Taylor Swift during one of her six shows in Singapore as part of her Eras tour. Photo: Ashok Kumar via Getty Images

Swift herself has referenced a concern that her life has become so “unmanageably sized,” that she struggles with “the idea of not feeling like a person”. She is undoubtedly the most famous person on the planet. That is a blessing and a burden.

But even when she’s writing about that level of fame, the unique experiences that surely nobody else could understand, Swift still finds a way to make those songs human and real. Like 2017’s Reputation album, which is ostensibly about what she described as being “cancelled” from what was then the high point of her fame. That should have been a theme that isolated fans. But Swift, true to form, still managed to make the album a love story. When the opening bars of Ready For It launch the Reputation era during the live show, it usually gets the biggest roar.

Thousands of words have been written by those trying to understand Swift’s cultural impact. For fans like Hourihane, it’s not that complicated.

“It’s definitely more straightforward than it seems. It’s this intimacy, it’s the confessional songwriting. It’s songwriting that is specific enough to be emotionally resonant, but vague enough to be generally applicable to many different people’s lives,” he says.

“It’s why people fall in love with poets and writers. It comes down to her way with words. She’s a wordsmith.”

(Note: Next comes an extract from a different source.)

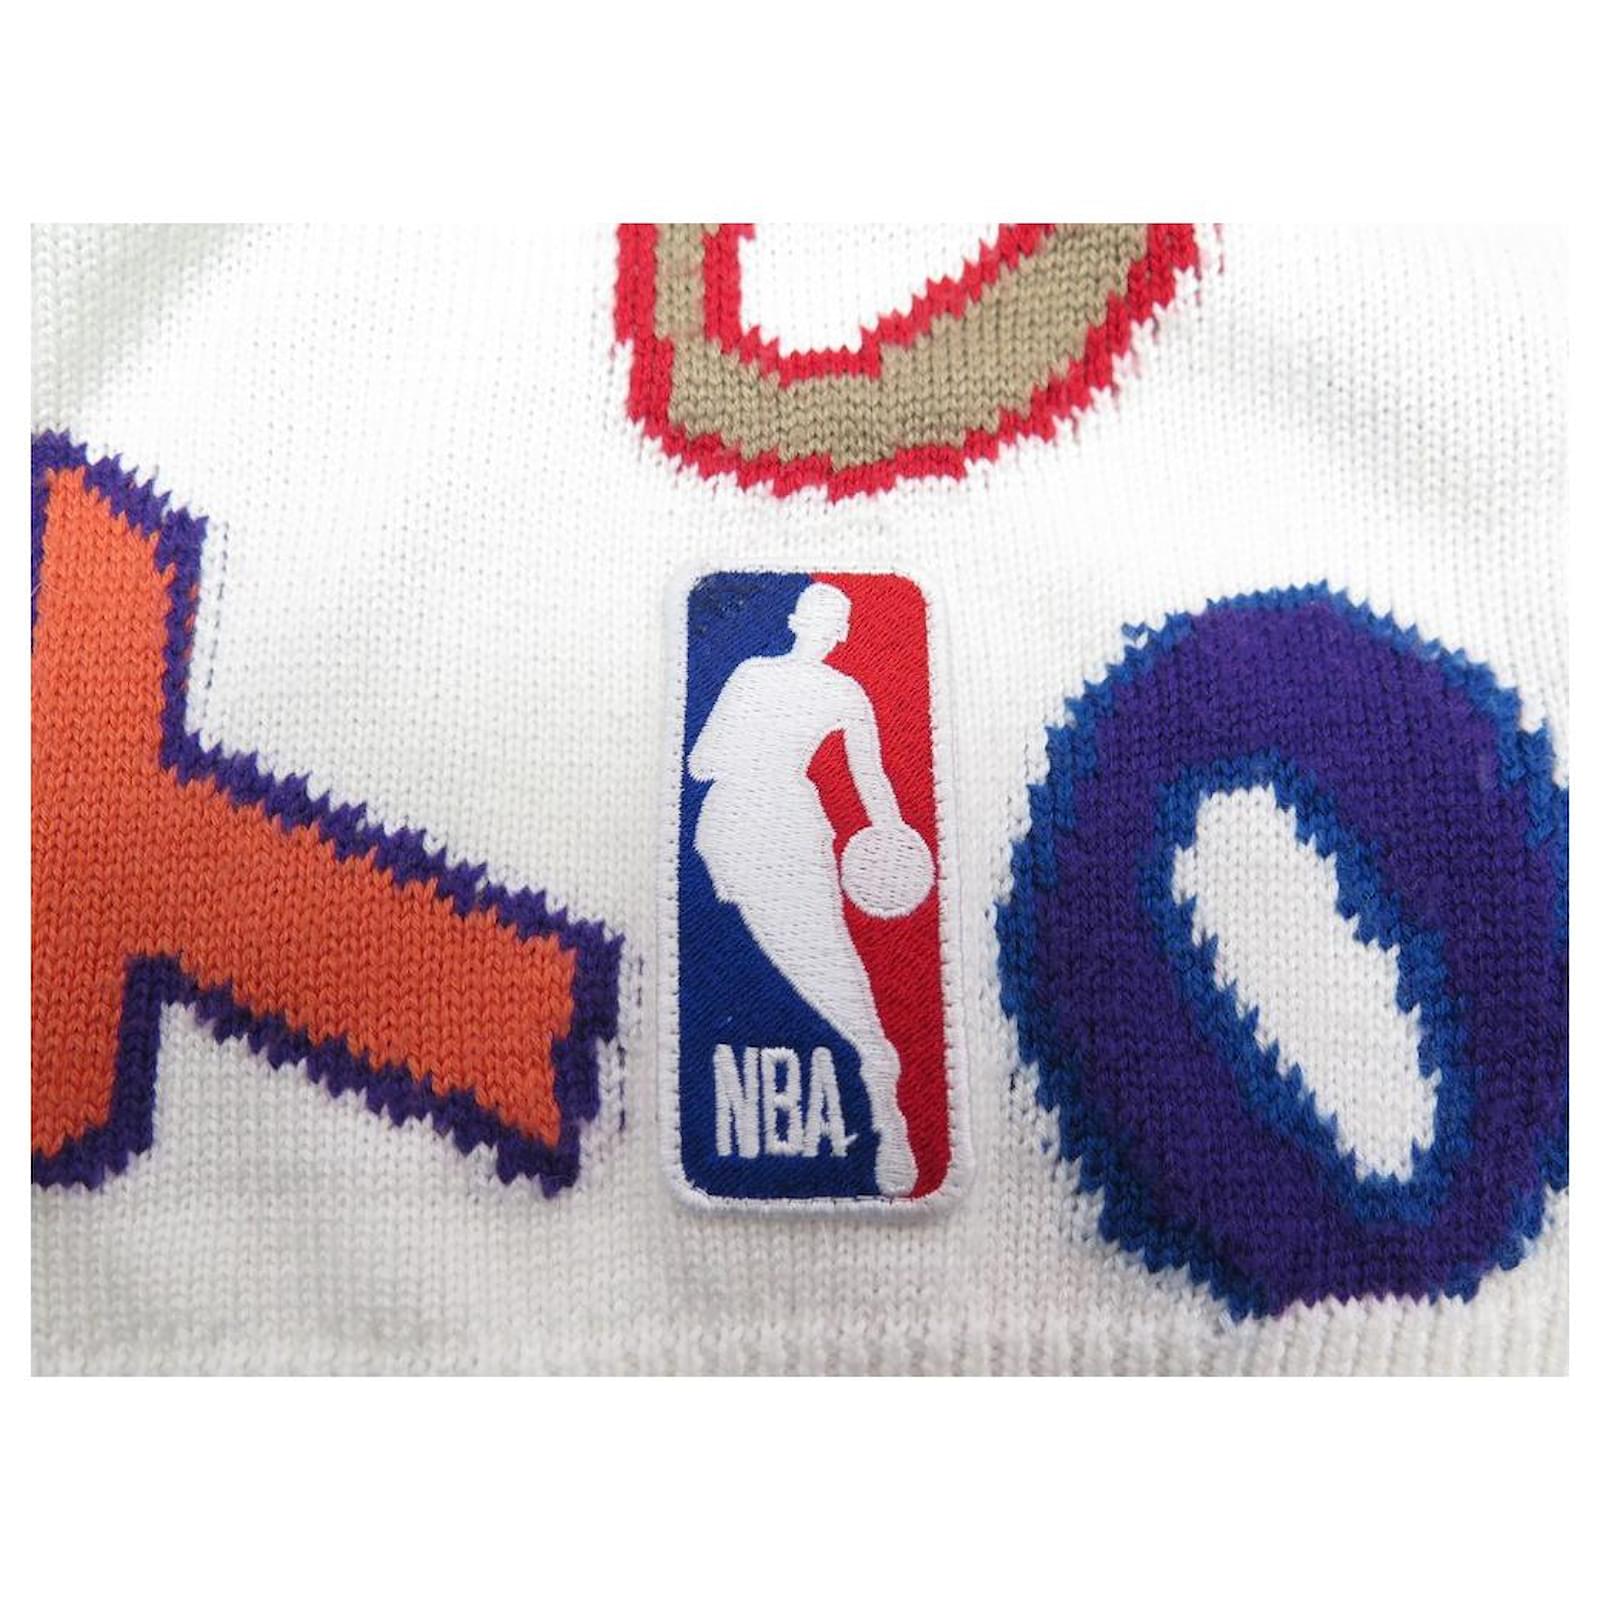 LOUIS VUITTON x NBA Letter Crewneck Knit sweater Brown Multi M Genuine /  31883

“Like you want to get her merch because you want to wear those lyrics that mean everything to you. You want to dissect songs here and there because you have a perspective on what this means and how it should be interpreted.”

As a fandom, Swifties are often mocked for being so earnest and so excited about Taylor Swift. A fairly common insult is to compare them to a cult. But in the same way that pets sometimes take on the appearances of their owners, fandoms take on the qualities of their icons. Taylor Swift’s entire core ethos is about embracing earnestness, even when it’s kind of cringe.

Swifties are a huge, global, disparate, group of people.

“But you all unite at Mecca, which is the Eras tour. You all come together under the same roof and you worship the same God. There’s something religious about it, there’s something reverential about it.”